- _To do_:
Taking the line with "eau et bulles" as the first and the line with "Plage de sable" as the last, set down exactly every line in that range from the entries below, and no more.

*** Given records ***

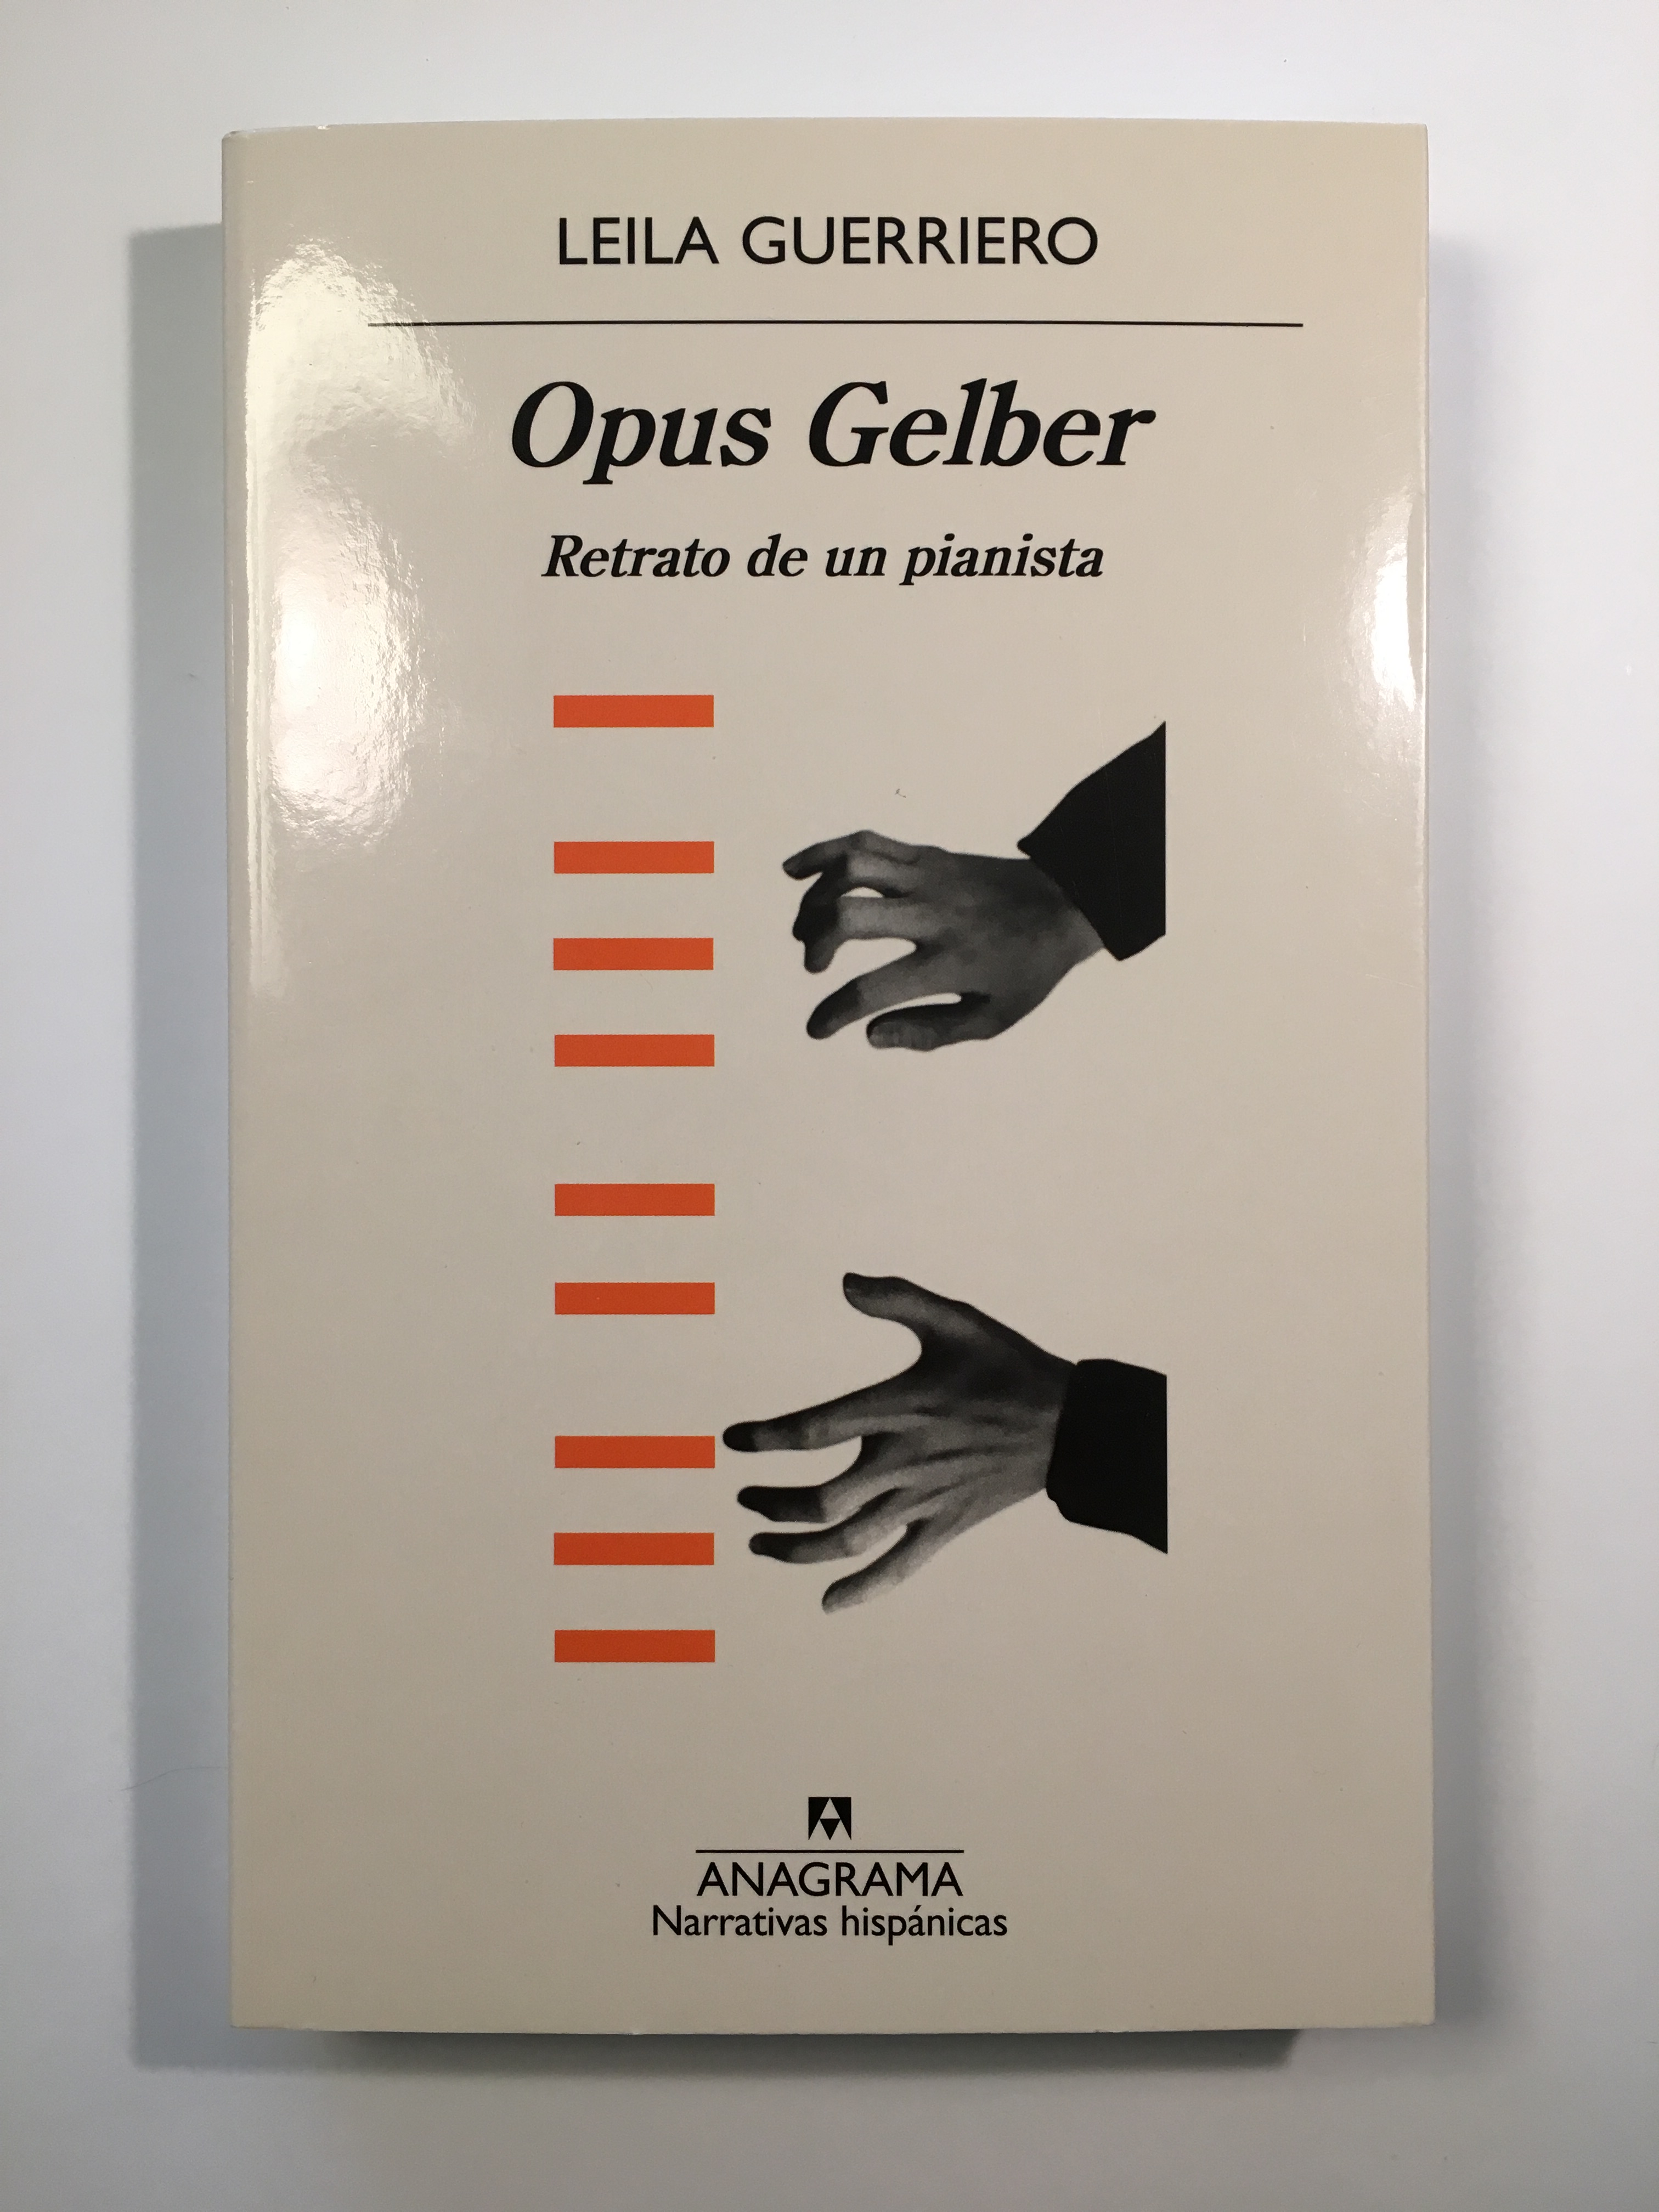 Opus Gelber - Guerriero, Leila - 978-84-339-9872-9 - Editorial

*** End of Given records ***
*** Given records ***

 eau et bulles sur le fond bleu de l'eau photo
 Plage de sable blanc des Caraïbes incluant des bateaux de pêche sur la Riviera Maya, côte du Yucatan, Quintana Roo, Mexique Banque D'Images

*** End of Given records ***
*** Given records ***

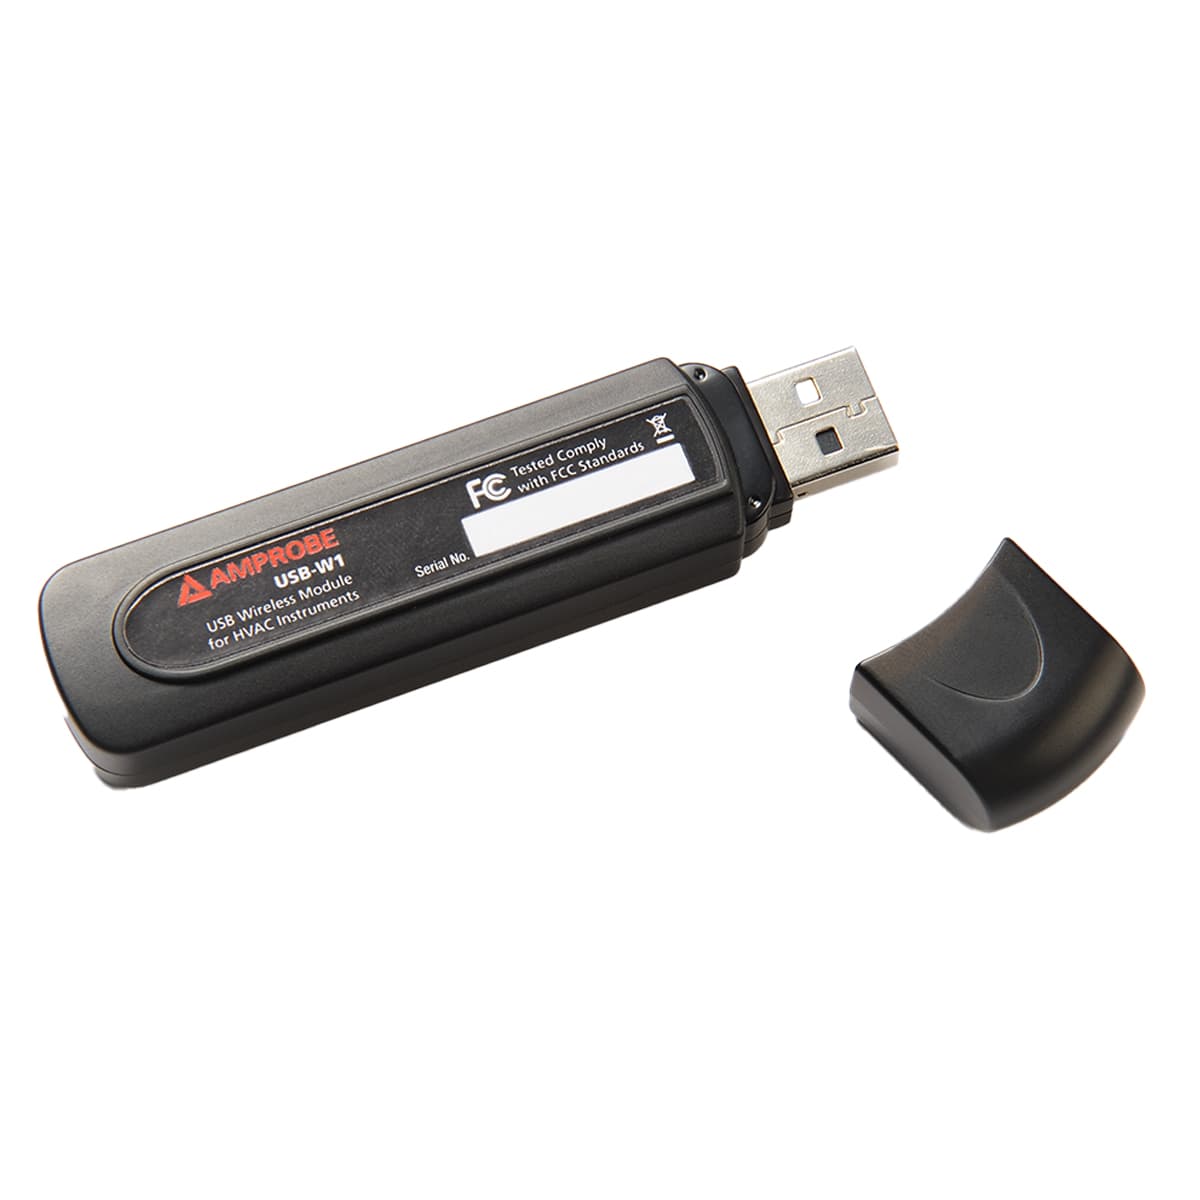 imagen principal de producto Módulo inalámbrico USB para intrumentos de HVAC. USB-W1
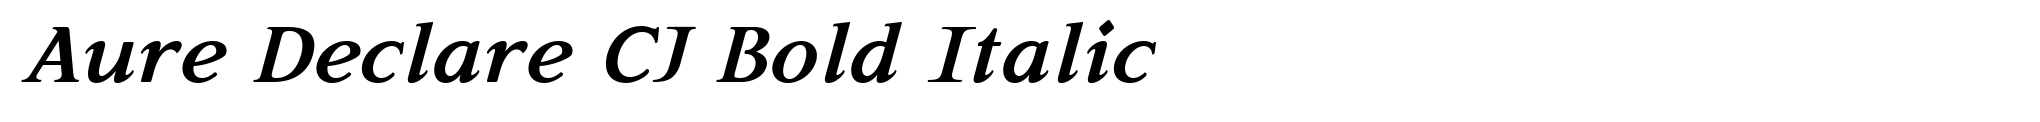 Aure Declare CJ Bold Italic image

*** End of Given records ***

- _Finished task_:
 eau et bulles sur le fond bleu de l'eau photo
 Plage de sable blanc des Caraïbes incluant des bateaux de pêche sur la Riviera Maya, côte du Yucatan, Quintana Roo, Mexique Banque D'Images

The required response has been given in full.